Project Title: Metastatic Prostate Cancer (MPC) Project

Description:

  • Count Me In is patient-partnered research program at the Harvard: Broad Institute of MIT & Harvard and Dana-Farber Cancer Institute that allows patients with cancer who live in the U.S and Canada to contribute their data and samples to research. Patients may join by registering online, which gives the program permission to contact their doctors and obtain their medical records, archival cancer samples and saliva or blood samples.
  • The Metastatic Prostate Cancer Project, led by Dr. Eliezer Van Allen, is a project within Count Me In that specifically focuses on understanding the genomics and biology of metastatic prostate cancer. Over 1,000 patients with metastatic prostate cancer have already enrolled in this project.
  • In this project, genomic sequencing and in-depth molecular profiling on prostate cancer samples is being performed and artificial intelligence and machine learning technologies are being used to understand relationships between biological features, clinical features and patient outcomes. Data from the project are de-identified and released on open access genomics discovery portals so that other researchers may study the data. Results from these studies are also shared with patients, to create a true patient-researcher partnership paradigm.
  • The goals of this project are to comprehensively profile the genomics and molecular features of metastatic prostate cancer, identify biomarkers for precision oncology and discover new biology and treatment strategies.
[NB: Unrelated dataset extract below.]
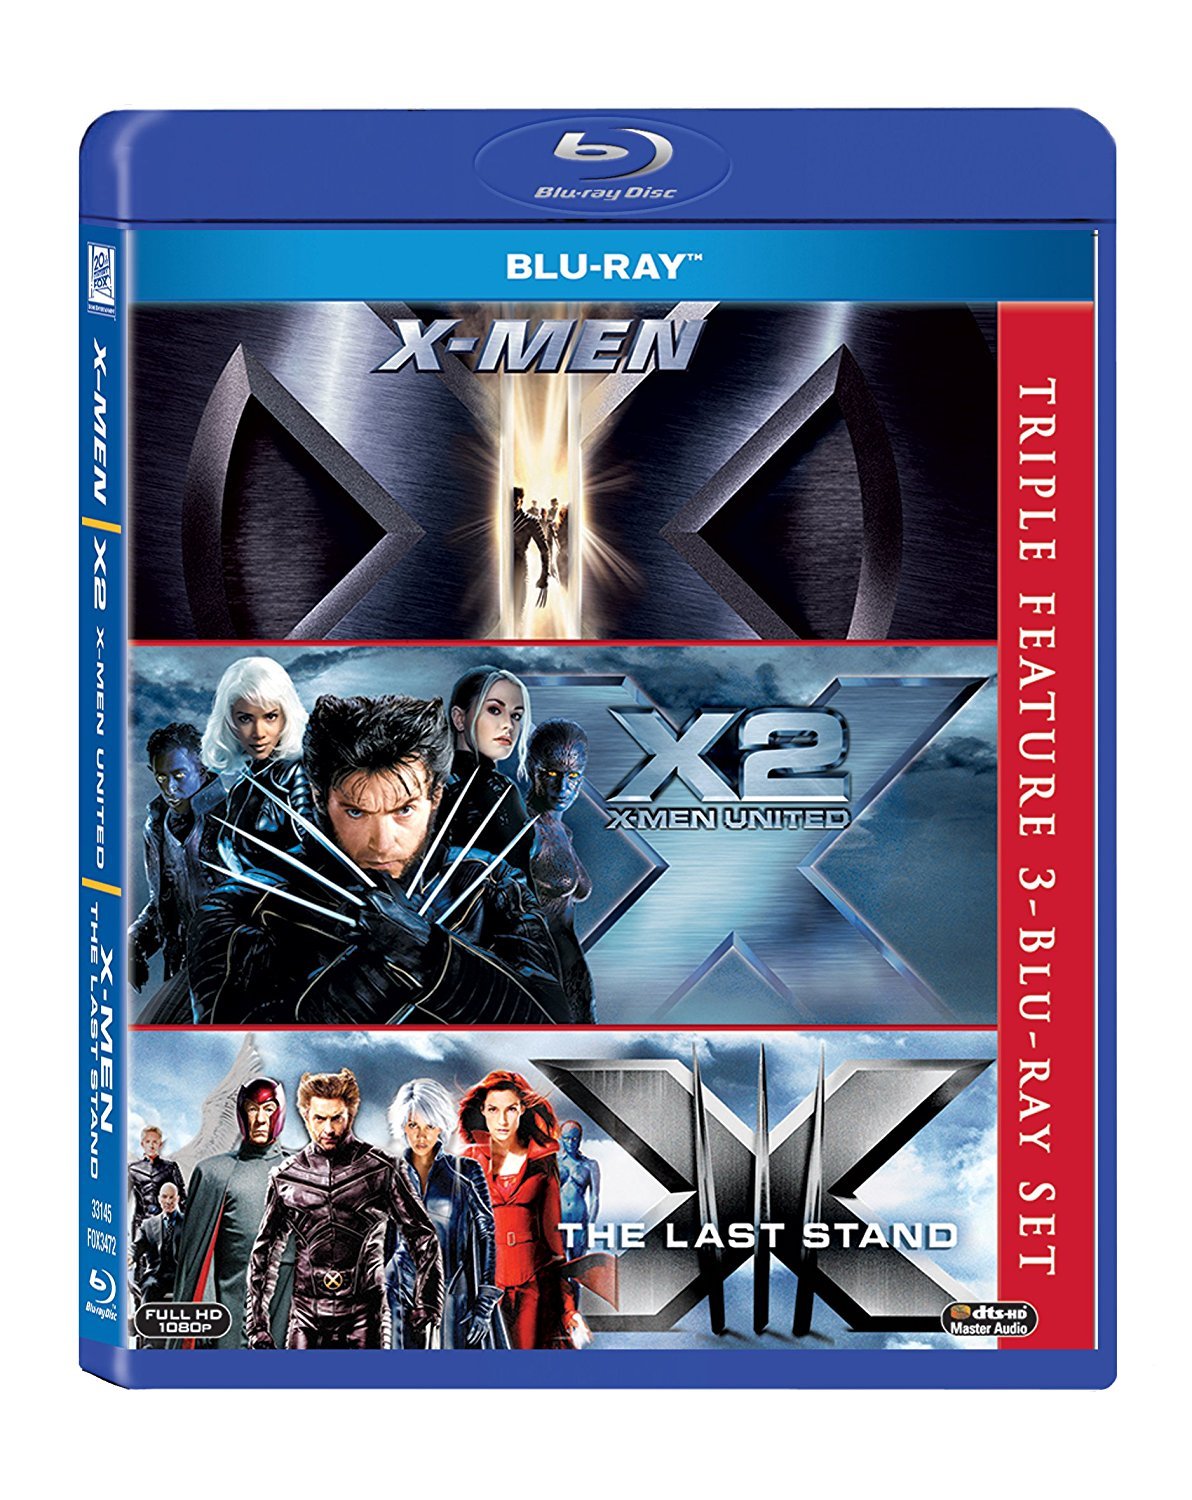 x-men-trilogy-x-men-x-men-united-the-last-stand-3-disc-box-set

What this means to patients:  Count Me In and The Metastatic Prostate Cancer Project are opportunities for patients with cancer to contribute to research breakthroughs by contributing their medical data and tissue samples.  Dr. Van Allen and team are using data from over 1,000 enrolled patients to comprehensively profile the genomic landscape of metastatic prostate cancer and to make new discoveries that can be used to guide treatment decisions and discover new treatment strategies.